Project description:Influence of folate metabolism has long been studied in cancer and copies evidences have suggested that the key genes involved were correlated with GC risk and prognosis. However, their genetically association and contribution for GC prognosis are still elusive. To evaluate the effect of folate metabolism related genes polymorphisms on the prognosis of gastric cancer (GC), the genotype of seven single nucleotide polymorphisms (SNPs) of three genes were selected and genotyped in a cohort of 664 GC patients, including genes of Methylenetetrahydrofolate reductase (MTHFR), Methionine synthase reductase (MTRR), and Methionine synthase (MTR). Kaplan-Meier Curve, long-rank tests and multivariate Cox proportional hazard model were used for prognosis analysis.
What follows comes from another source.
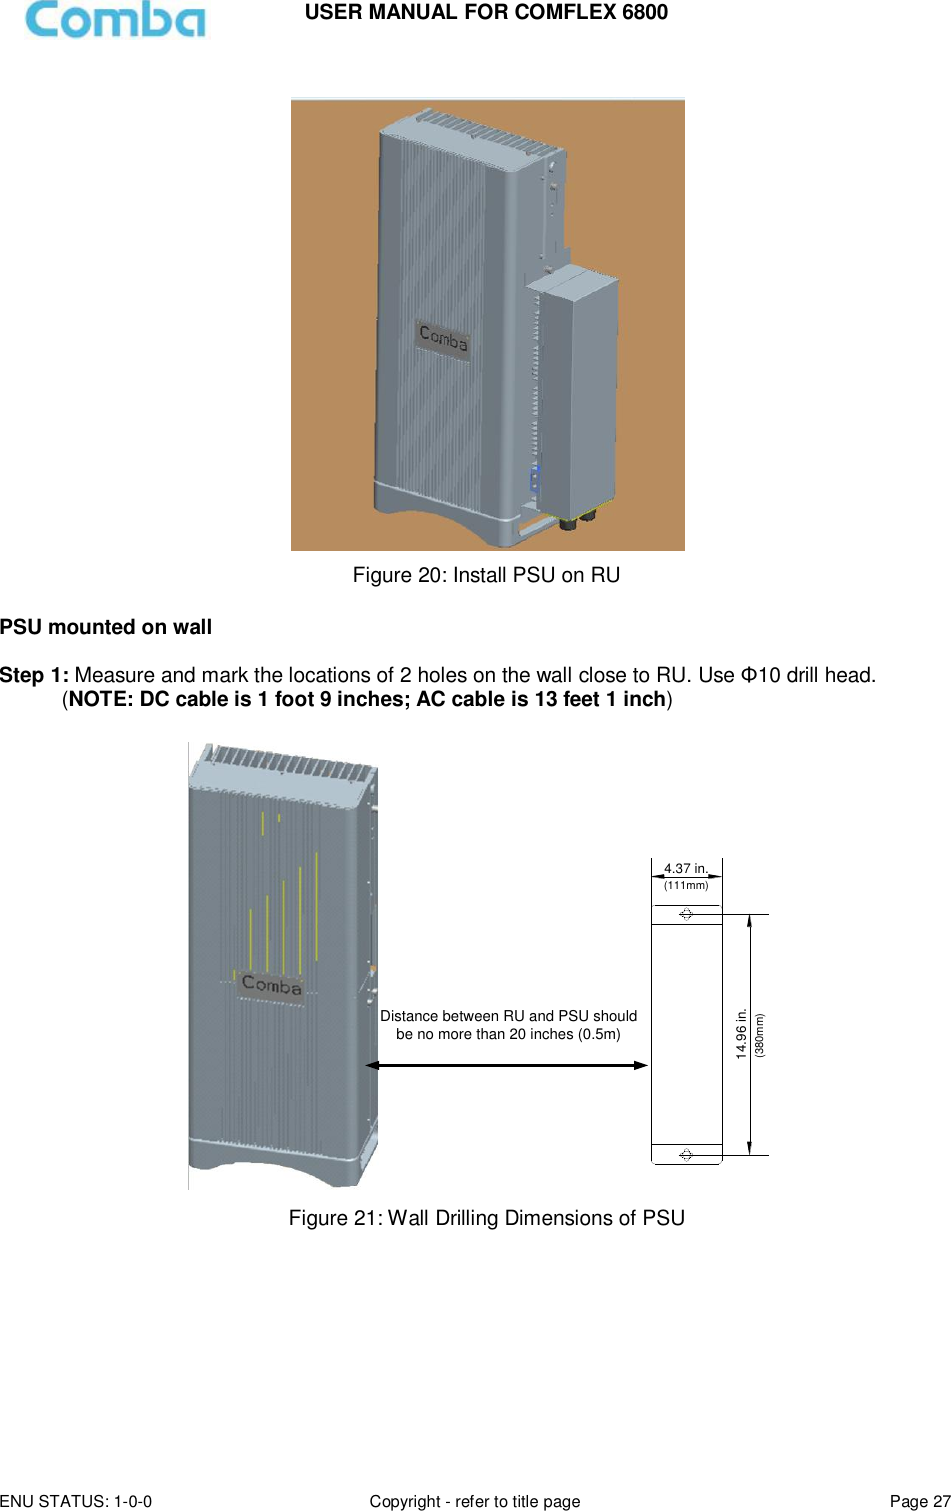 USER MANUAL FOR COMFLEX 6800 ENU STATUS: 1-0-0 Copyright - refer to title page Page 27    Figure 20: Install PSU on RU  PSU mounted on wall  Step 1: Measure and mark the locations of 2 holes on the wall close to RU. Use Φ10 drill head.  (NOTE: DC cable is 1 foot 9 inches; AC cable is 13 feet 1 inch)  14.96 in.4.37 in.(111mm)(380mm)Distance between RU and PSU should be no more than 20 inches (0.5m) Figure 21: Wall Drilling Dimensions of PSU         
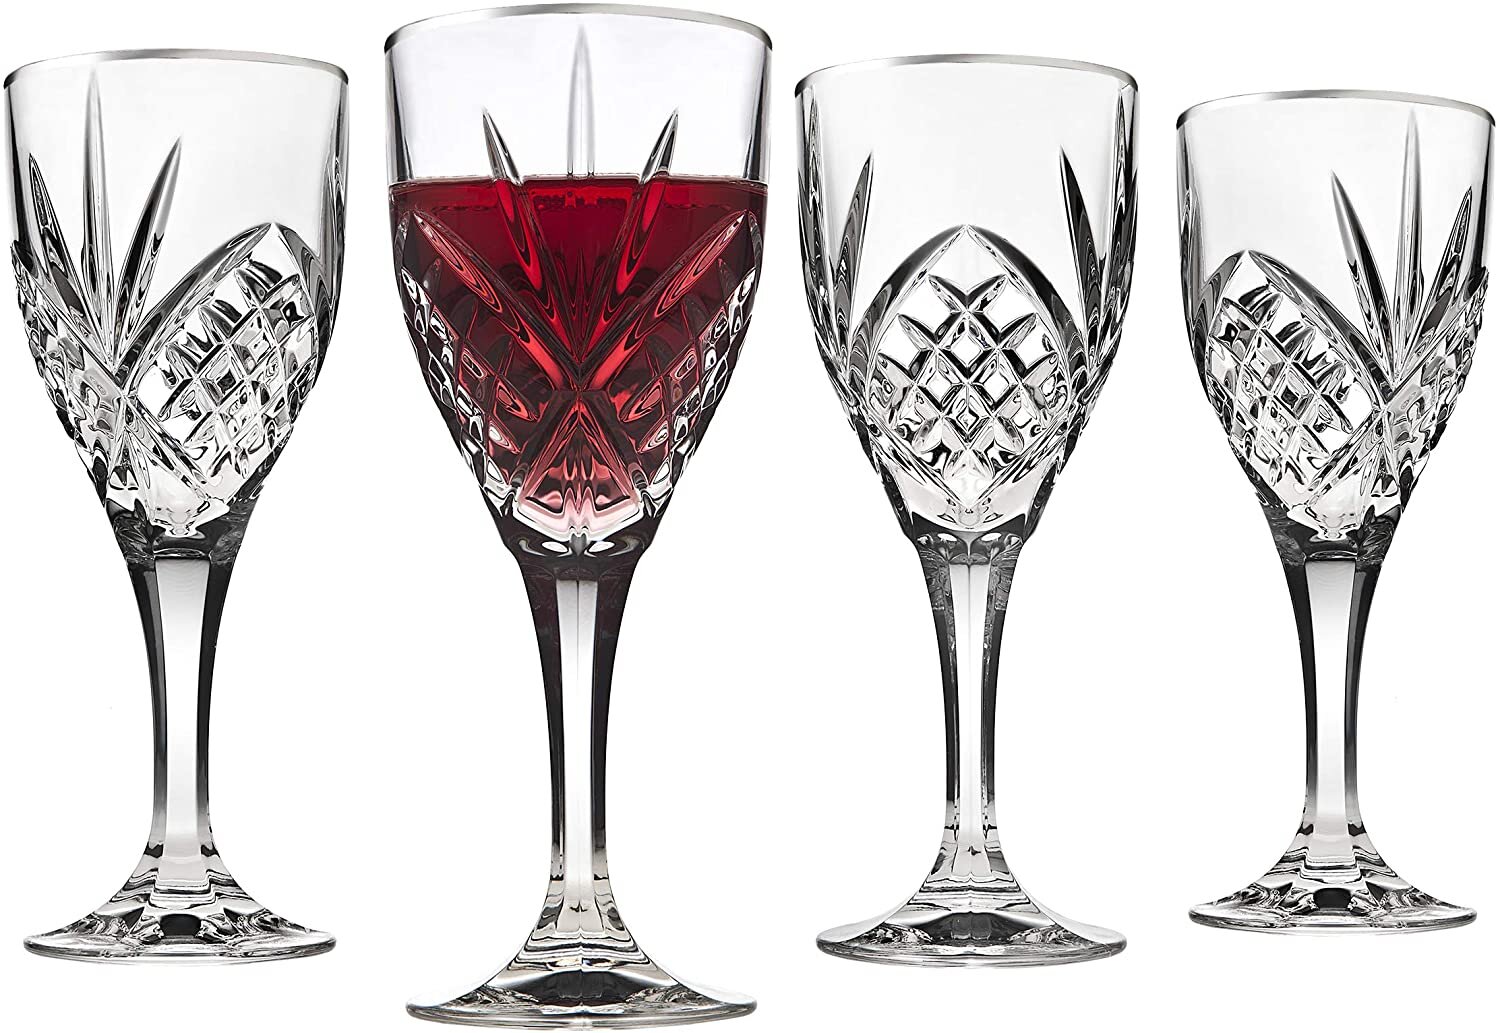 Buy the Crystal Wine Glasses Assorted 5pc Lot

The results demonstrated that TT or CT/TT genotypes of SNP rs1532268 in MTRR gene coding region are significantly associated with a poorer overall survival (OS) when compared with CC genotype (HR=2.340, 95% CI: 1.240-4.414, p=0.009; or HR=1.502, 95% CI: 1.083-2.085, p=0.015, respectively). Furthermore, comparing to that of the CC genotype, the detrimental effect of rs1532268 TT genotype was also evident in the special subgroups of GC patients, especially in patients with BMI<24 and H. pylori infection. Moreover, significant association between increased relapse and TT genotype of rs1532268 was also observed in patients who are females, BMI<24 and without chemotherapy. In addition, the joint analysis demonstrated that integration of rs1532268 genotypes and BMI, H. pylori infection status, clinical stage and tumor site may significantly improve the predictive abilities for predicting OS of GC patients. In conclusion, it suggested that the MTRR rs1532268 polymorphism is significantly associated with clinical outcomes of GC patients, especially in those with lower BMI (BMI<24) or positive H. pylori infection status, which warrants further validation. And the polymorphism of MTRR rs1532268 may be a potential prognostic factor for GC patients.